THE AFFLUENT SOCIETY HAS DEVELOPED IN BRITAIN over the last eleven years of the post-war era. It became truly noticeable after 1955, when the television set became a necessity and no longer a status symbol. The car, like the television set, has also become an integral part of our society and some economists claim, that four out of every five families own a car. Ever since 1945, when the expected development of the Socialist Utopia did not materialise, due to our struggling recovery from the war and the falterings of the Government itself, the nations' wealth has mysteriously risen.

The social conditions of the majority are better than they have ever been before. Yet still slums remain like virulent stores in our larger industrial cities and the number of houses due for demolition increases each year.

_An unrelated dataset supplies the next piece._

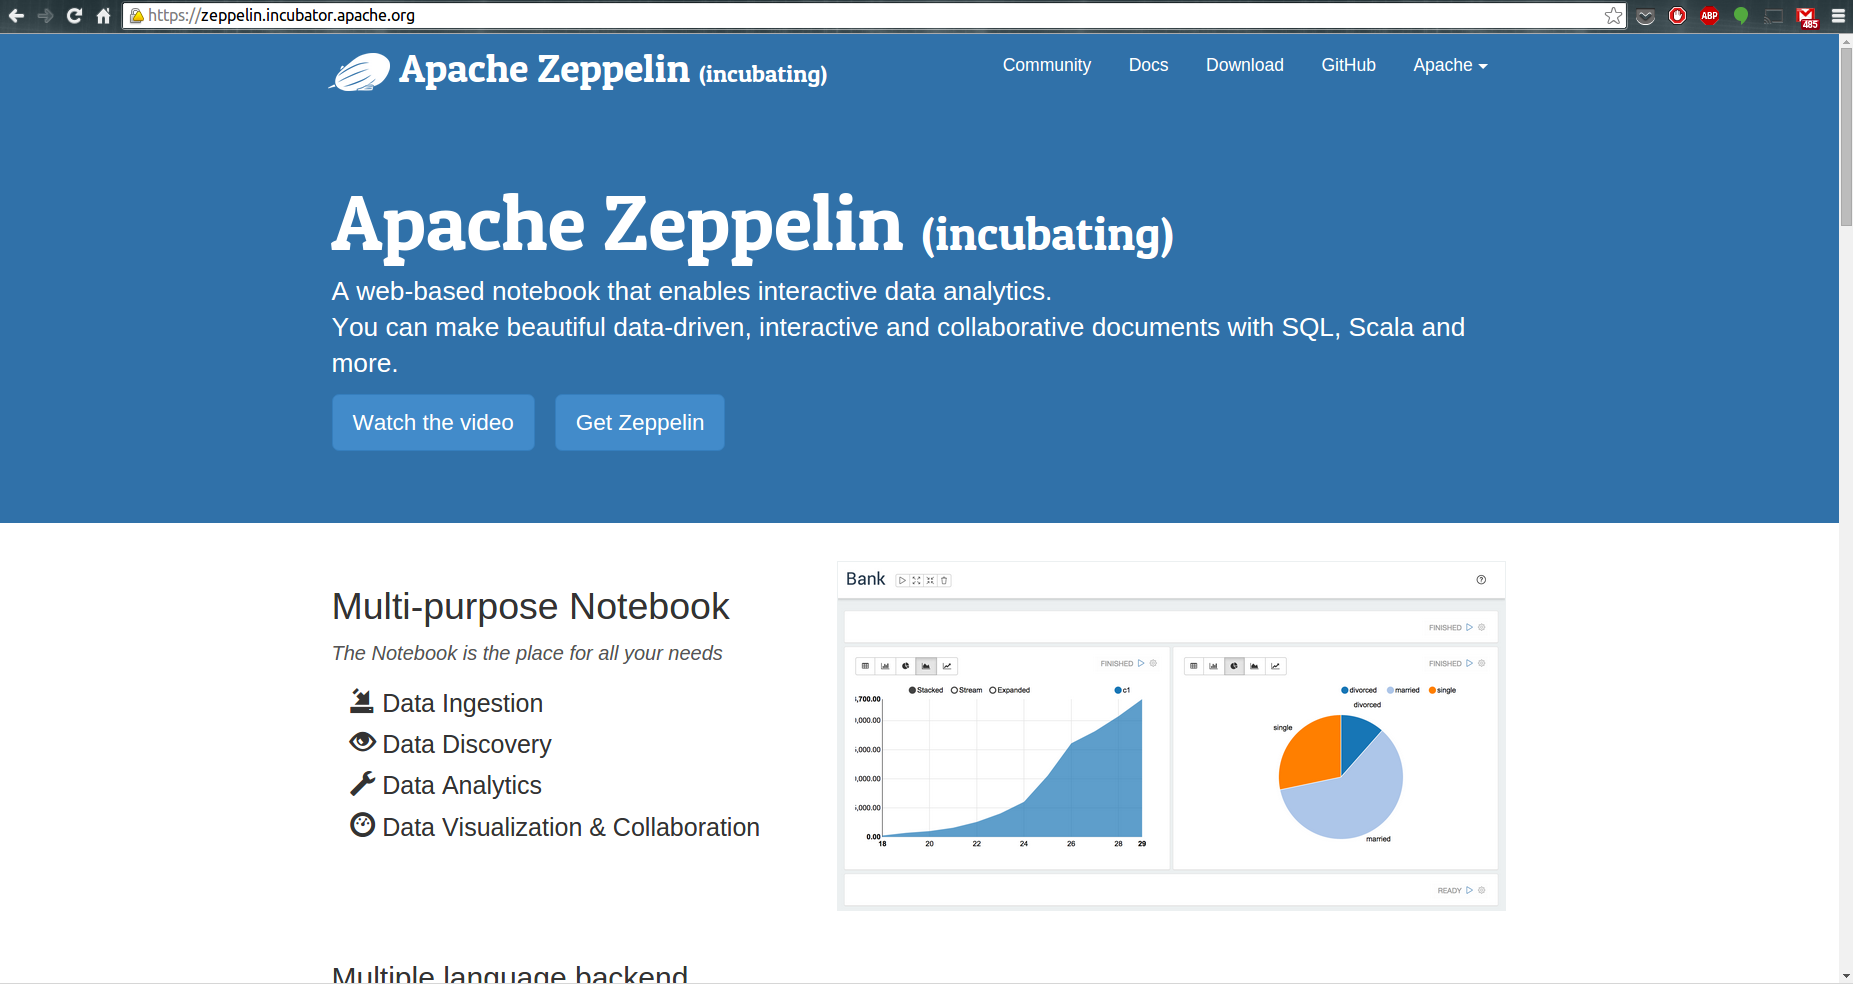 【译】大数据分析平台搭建教程：基于Apache Zeppelin Notebook和R的交互式数据科学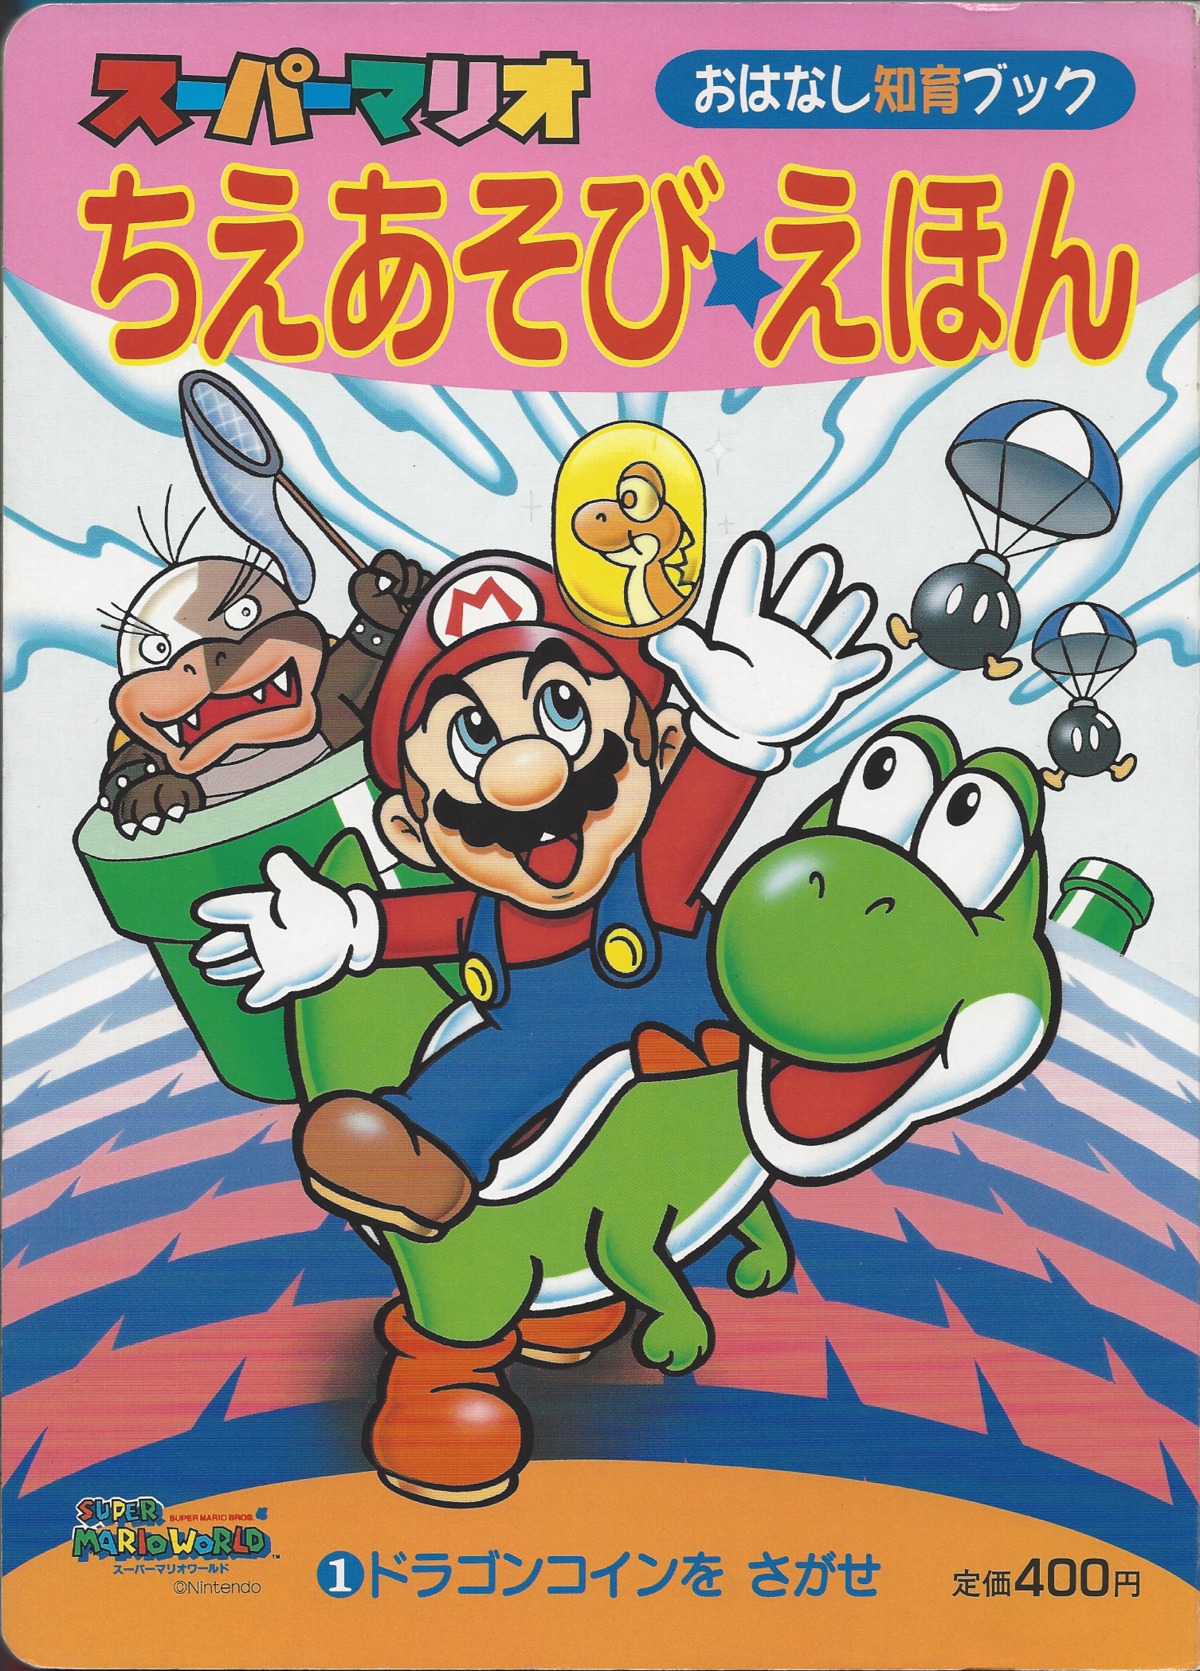 Super Mario Ehon Super Mario Wiki The Mario Encyclopedia

Keynes can be held largely responsible for our post-war affluence, for it was he who discovered the one way to stabilise our capitalist economy, taking the most extreme rises and falls out of the trade cycle. It may be that if Keynes' theories had not been adopted, the capitalist economy would have been replaced by democratic Socialism, libertarian socialism, or at the worst, communism. In any of these cases, there would have been at least a sane planning of the economy.

As it is, the Conservative party came to power in 1951 and has manipulated this new-found affluence to their own advantage, The much regretted "You have never had it so good" speech reveals their true attitude and strategy, although the manner in which they have exploited the increased wealth of the people has grown a good deal subtler since the 1959 election.

With the growth in spending power of the nation, the larger cartels, combines, and monopolies, moved in with frightening swiftness on the unsuspecting consumer. High pressure, percussive advertising, drumming into the minds of the masses, through all media, television, press, film, and pirate radio, has dulled their appreciation and drugged their minds. Frozen food and sudsy beer advertisements bombard the consumer from all sides, And what is more disturbing, is the short-term lasting power of manufactured goods, reduction in size and ephemeral attraction of the outer wrappings. Such methods of production and retailing are direct importations from the capitalist paradise, the United States of America. The argument is, that if goods are made to last, in the long run, less will be purchased and thus production will decrease. As a result men will be laid off, the accelerator will gather momentum, and a slump become imminent. It must be remembered, however, that the concern of the large manufacturers over a slump, is that their profits will fall and not that their workers and even their salaried staff will be thrown out of work. It would be disastrous if our economy took such a turn that the nation would be compelled to consume goods faster and faster, and at such a rate that the natural resources of the nation, and in the extreme the world, would be swiftly used up.

Perhaps the most worrying thing about the nation's present affluence, and that of the last decade, is the bovine apathy which seems to march hand in hand with it. As soon as an average family obtains a television set, a car, a washing machine and a reasonably snug residence, its members seem to lose all interest in culture, politics, religion, and those things that matter more than mere material gain. They carry blandly on living the same drab sort of life from day to day, hardly caring about international matters, voting for the looks and not the ideals of their parliamentary candidate, and mocking those individuals, who, however ineffectually, try to register their protest and concern for the world, national, or their own personal situation. It can only be hoped that such stimuli as the Cuban situation, will have a disturbing effect on the nation's placid attitude to the world in general. Indeed, so far, the entire effect of our recent affluence seems to have done nothing culturally, spiritually, philosophically and visibly positive, except to 'bourgeoisize' the people.

"Coronation Street" and the canned American importation "Gunsmoke", are typical examples of television today. The nouvelle vague in the theatre has been so far poorly supported, and even the noble efforts of men like Kops, Pinter, and Wesker's mobilisation of the stultified arts of the people in Centre 42, have not had the success that is their due.

Unless Britain shakes off her sluggish apathy and sensibly considers all the aspects and problems of the modern world, she will end up as a satellite of the American capitalist bloc, or the Russian totalitarian bloc, with all that both entail. An unpleasant prospect in either case. Culturally and spiritually, she will descend into a slough of despond, never to emerge again. Such a fate all true anarchists must try and prevent.